Why has it been adopted so widely? Because research continues to show that the curve helps us better understand the emotional states employees may experience during workplace change initiatives.
The Five Stages of the Change Curve
The change curve outlines five stages:
- Shock and Denial
- Anger
- Bargaining
- Depression
- Acceptance
Over time, as represented on the horizontal axis of the curve, productivity and engagement fluctuate. When change first occurs, productivity and engagement tend to decline. It is only after moving through several emotional stages that individuals begin the upswing toward acceptance.
Let’s look more closely at each stage.
Shock and Denial
The first stage is shock and denial. When change is introduced, individuals often react by putting up defense mechanisms. These defenses help deflect the reality of what is happening.
It is human nature to cling to the past and to the expectations we previously held. Thoughts may sound like:
- This cannot be happening.
- This is not real.
- Things will go back to normal.
During this stage, productivity often drops sharply. People are mentally and emotionally resisting the new reality rather than engaging with it.
Anger
As reality sets in, shock and denial give way to anger.
Employees may begin to feel fear or frustration. The change initiative can feel overwhelming or out of control. There may be a belief that the change is destined to fail:
- This will never work.
- Why are we being asked to do this?
- This is going to spiral out of control.
These reactions often come with unrealistic expectations about failure. Productivity and engagement continue to decline because energy is being spent on emotional resistance rather than adaptation.
Bargaining
After anger comes bargaining. At this stage, individuals attempt to salvage parts of the past.
Questions during bargaining might include:
- Can we take the path of least resistance?
- Can we negotiate a compromise?
- Can we keep some of the old ways while adopting the new ones?
There is still reluctance to fully let go. Productivity and engagement remain low because individuals are trying to negotiate rather than commit to the change.
Depression
Eventually, people reach a point where they realize that defensive mechanisms and bargaining are not working. The change is real and unavoidable.
This stage may involve:
- Sadness
- Regret
- Demotivation
- A sense of loss
In the workplace, this can appear as disengagement or low morale. However, it is important to recognize that these responses are natural. Research repeatedly confirms that such reactions are common and expected during significant change.
Acceptance
The good news is that most individuals eventually reach acceptance.
In this stage, people begin to:
- Come to terms with the change
- Open themselves to new possibilities
- Explore favorable opportunities created by the change
Productivity and engagement begin to rise again. Employees shift from resisting change to integrating it into their daily work.
For leaders, acceptance also means formalizing the change within organizational processes. This step is crucial to prevent reverting back to old habits. Once the change is accepted, it becomes the new way of doing business, serving stakeholders, and meeting organizational goals.

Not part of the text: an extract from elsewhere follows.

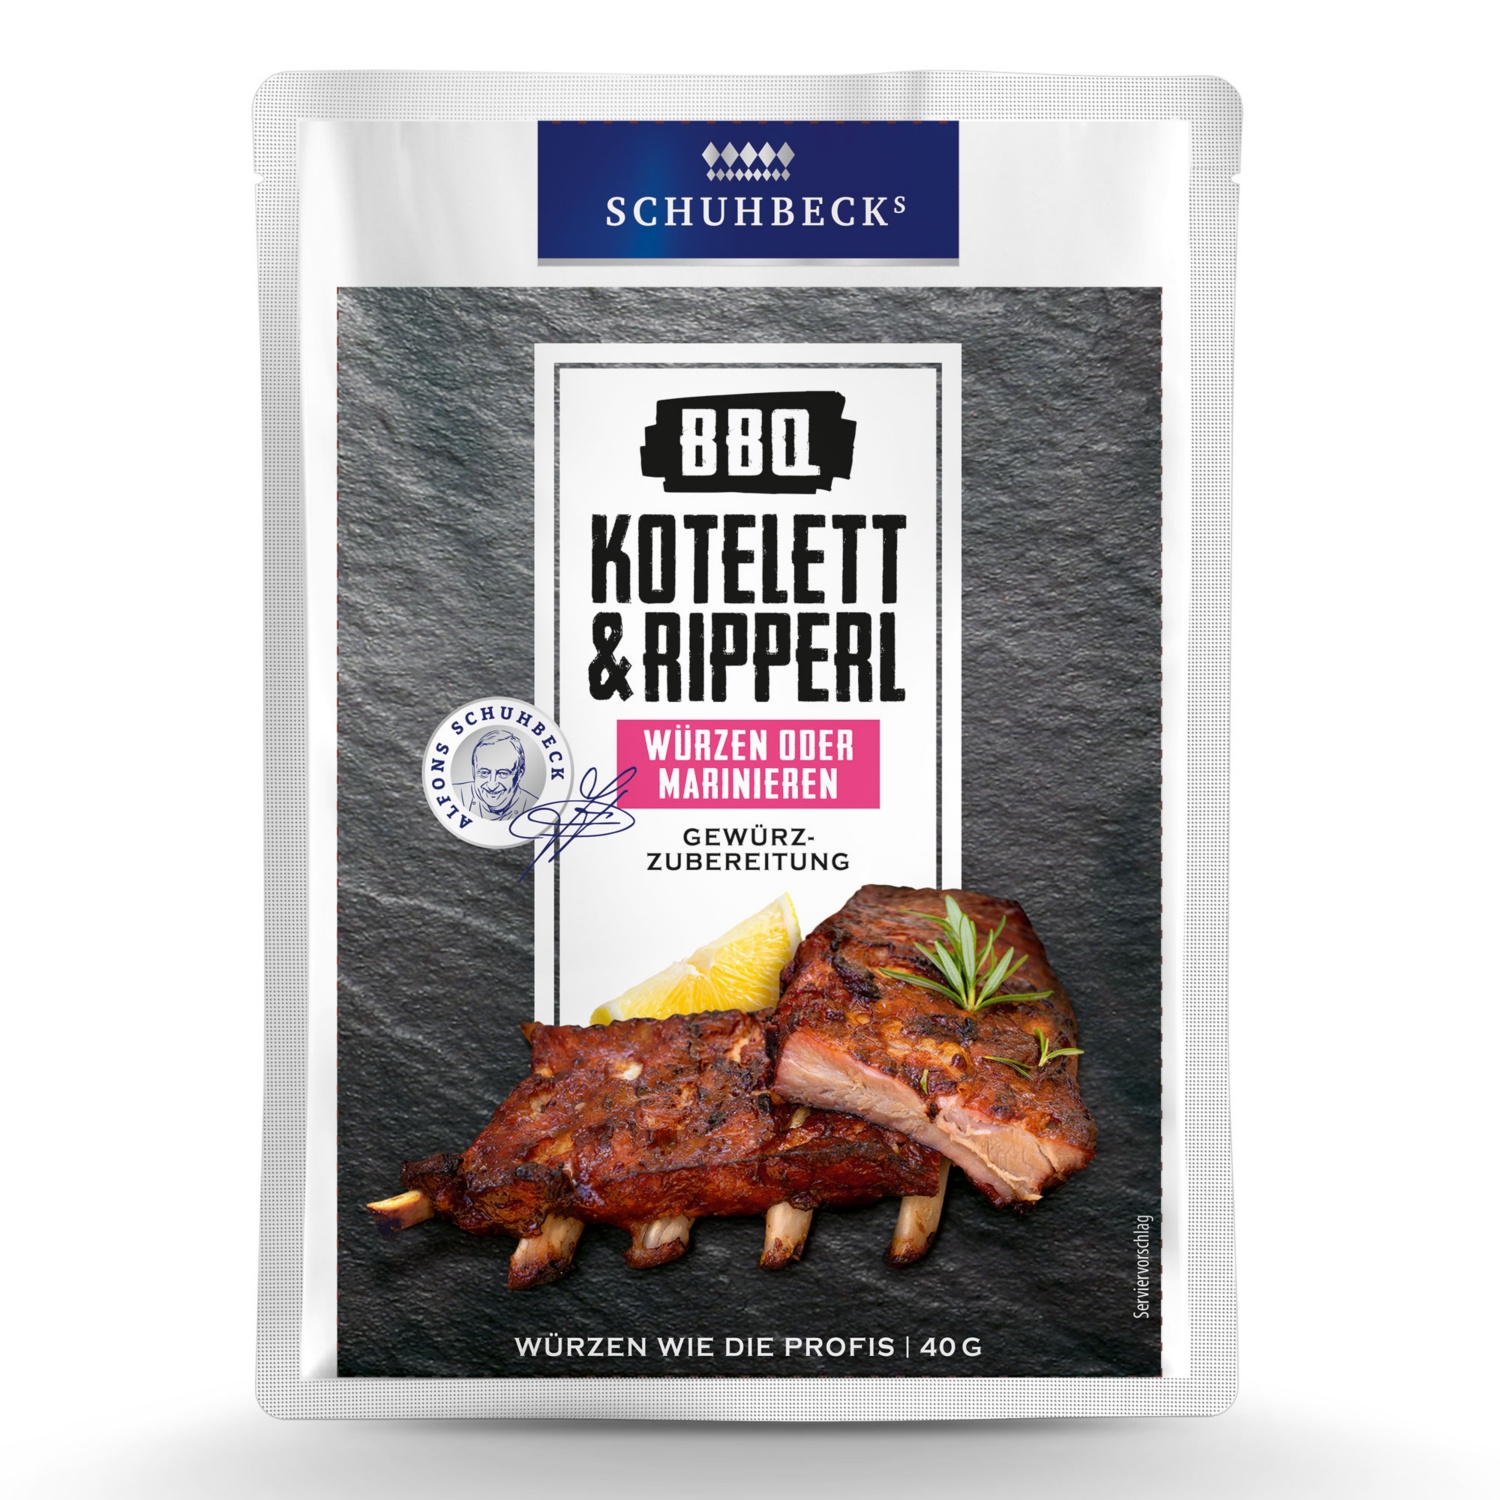 SCHUHBECK'S BBQ-Gewürze, Kotelett & Ripperl
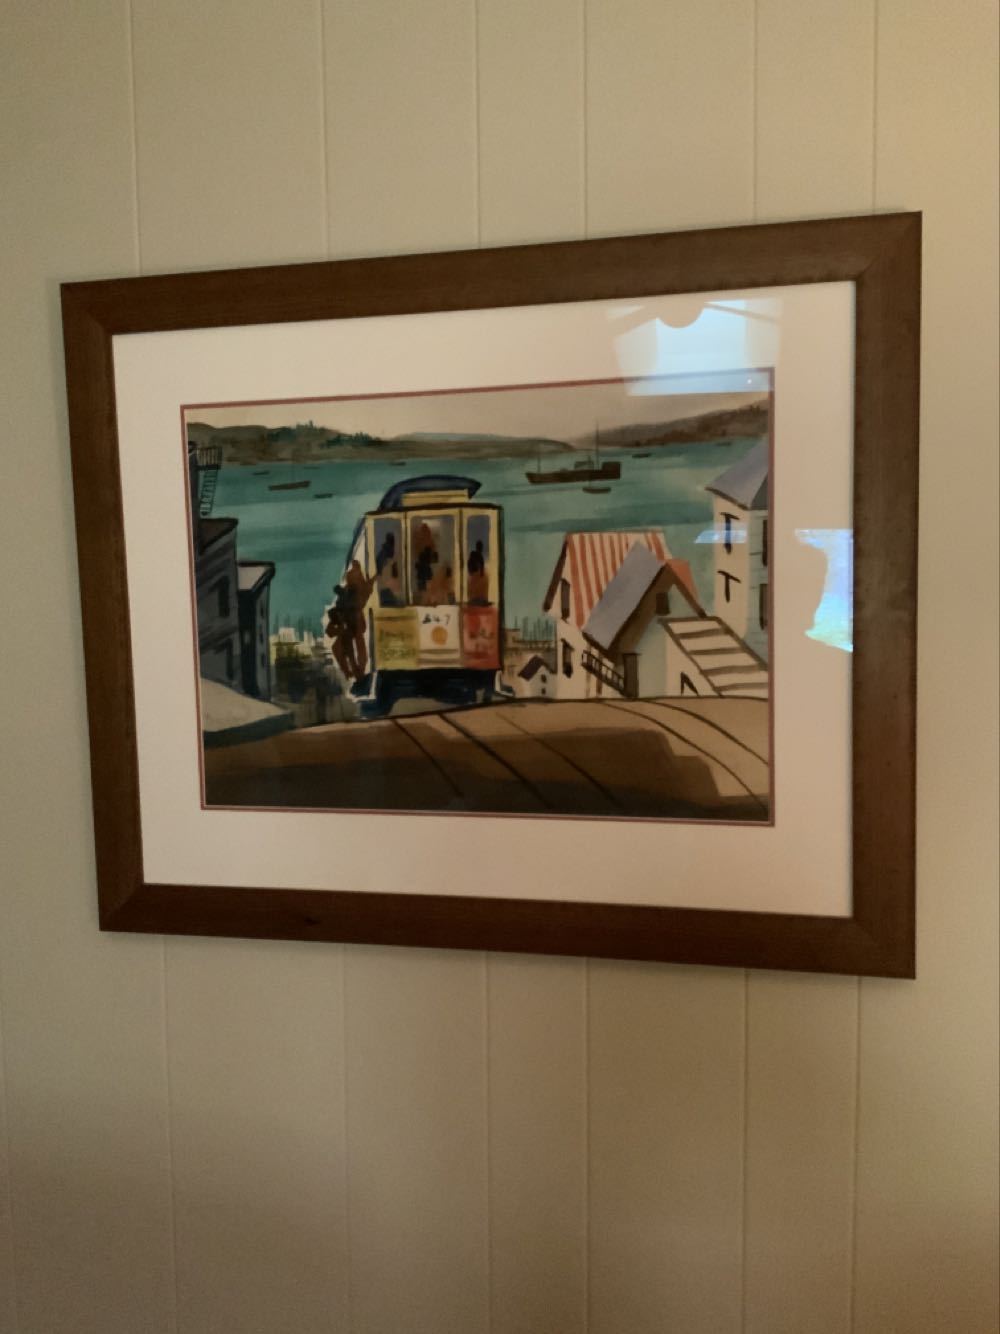 Trolley In San Francisco - Barlow art collectible - Main Image 1

There Is No Fixed Timeline
One important point about the change curve is that there is no designated timeline. You will not see a predictable sequence such as:
- First five days: shock and denial
- Next week: anger
The duration of each stage varies. A key factor influencing the pace of movement through the stages is how well the change process is managed. Effective leadership and clear communication can make it easier for employees to move toward acceptance. Poorly managed change can prolong resistance.
Final Thoughts on Navigating Change
The change curve provides a powerful lens for understanding emotional responses to organizational change. Shock, anger, bargaining, and even depression are not signs of failure. They are natural, research-supported reactions.
By recognizing these stages, both employees and leaders can better navigate transitions. Awareness allows individuals to move through the stages more intentionally and ultimately reach acceptance, where productivity and engagement begin to recover.
Change is rarely easy. But understanding the emotional journey makes it far more manageable.